The study is done on only male footballers, based on one photo each,
except when determining between dark blonde and light brown, then I google the name and look at multiple photos. Dark blonde should still look pretty much fully yellow normal blonde all over with full outdoor lighting in the sun, but can look medium/light brown in certain lighting and indoors, light brown will still be mostly clearly brown with some lighting reflections and no clear yellow covering the whole head of hair. All colours are based on photos with similar lighting from the same source websites, if the lone photo had obvious outlying lighting, was horrible quality, or the person had wet/gelled hair, I also googled for multiple photos, regardless of initial obvious colour. For a dark blonde person to be counted as blonde, he must have full blonde/yellow looking hair in direct lighting, outdoors, in a
majority of photos, doesn't count for indoor photos. If someone has still has "dirty blonde" looking hair outdoors rather than regular blonde in extreme lighting, that person has light brown hair.
Excluded people with foreign surnames as best I could, no Italian/Iberian included in France, no ievs, aevs, Ahkmedovs, obvious Turkic, Armenian, Georgian names in Russia, except where I didn't know the difference(Slovenian vs other Balkan for example), with some exceptions like ethnicities that were in said country for a long time already(German names in Czechia/Hungary, Ukrainian names in Russia, Irish in England, etc). I made no attempt to take gypsies out in eastern Europe, they have the same exact surnames and if I just went "looks like a gypsy" and took him out it would take out a lot of native dark and Med types. I did actually take out S. Indian looking ones(was a couple or so in Romania) but most modern gypsies look like Kurds, which absolutely do overlap with southern Euro phenotypes. There's no way I would be able to tell. I also personally wanted the +gypsy minority numbers, they've been there for almost 1k yrs and you can't correlate anything about a country without them.
Had to be born in the country(luckily for me the sources I was using states it right there so I didn't have to look every name up). Greek surname but born in Australia? Not included.
Red is only pure red, reddish brown included in overall medium/light or light depending on how light it is, strawberry blonde is included in blonde. Absolutely ridiculous to include strawberry blondes as red haired when it's like 80% blonde and 20% red(examples of strawberry blondes: Paddy Holohan).
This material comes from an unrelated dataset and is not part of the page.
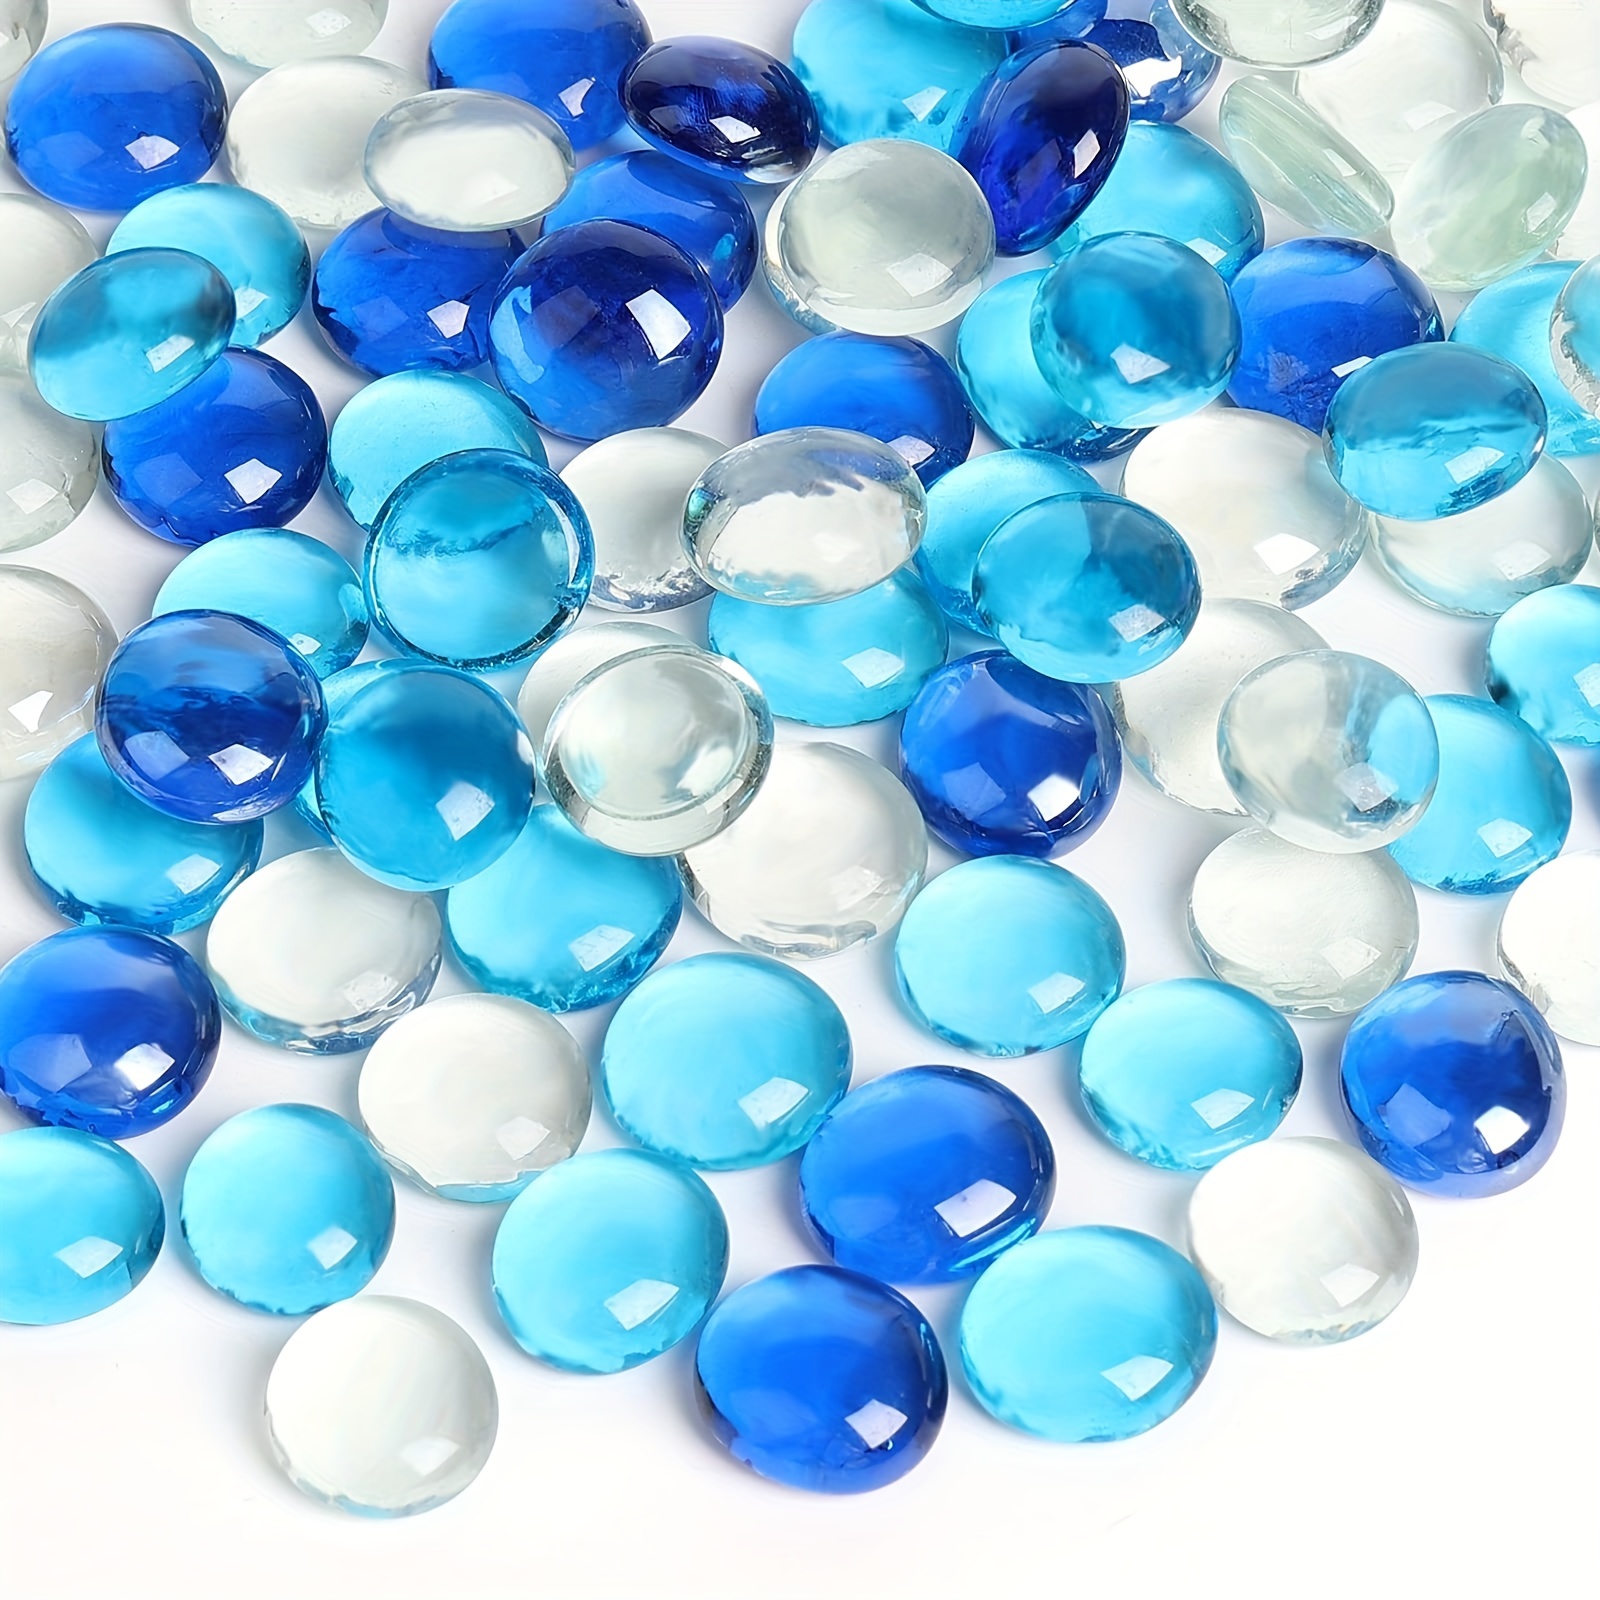 Blue Mix Glass Gemstone Beads Vase Fillers (2.2 LBS) Flat Marble Beads  Multiple Color Choices Aquarium Decor Rocks Floral Stones Decorative Mosaic  Gem

Actual medium might be split in my medium/light category because dark isn't only pure dark brunet or black hair imo, it doesn't include all shades between dark brunet and light brown. Example of the start of my dark hair/non-medium category:
(Felix Myhre)
(Casper Oyvann, ash dark brown, which is only really a colour visible in non-neutral lighting, is also considered dark in this study, even though it may not be pure dark)
Medium/light blonde, pure yellow, should look extremely light even in black and white photos(where as dark blondes won't necessarily look blonde in black and white photos ala Reinhard Heydrich or Otto Gunsche
https://i.pinimg.com/236x/90/6b/19/9...30c6dfc50d.jpg https://encrypted-tbn0.gstatic.com/i...h-mxQM6nMUoNP7):
(Arild Ostbo)
(Vegard Bergan)
Start of blonde:
(hair is still fully yellow in a majority of outdoor pics)
Example of a photo I wasn't sure of that needed looking up(again, I google all potential light brown/blonde even if I thought it was one or the other):
(Onni Valakari)
Turned out to be light brown, looked like this in a majority of both outdoor/indoor pics(only looked blonde in like 2 out of 20+ pics), even dark brown when hair was wet(shouldn't happen to dark blondes). Another good example of someone who people who think is blonde but is actually light brown haired is Conor Mcgregor.
Example of a person I thought was gunna be dark blonde on the source page photo but ended up being brown haired:
(Jimmy Nirlo)
(again, vast majority of pics this colour, wasn't even hair dye in this case, some hair colours are just like that, and it's stupid to call it blonde if it only rarely shows up in certain lighting)
Example of pure red hair:
(Kristofer Hivju)
Most red hair numbers were under 1% so obviously it not showing up in some countries is the margin of error showing up.
Oh and, if you put a gun to my head and forced me to use the Fischer-Saller scale instead of my own, I'd tell you it'd depend on the lighting of the actual scales.
Here I'd only classify A-L and N as blonde.
Yet here I'd only classify it as A-G, so yeah, lighting, lighting, lighting. Very important if you're doing it via photos and not in person.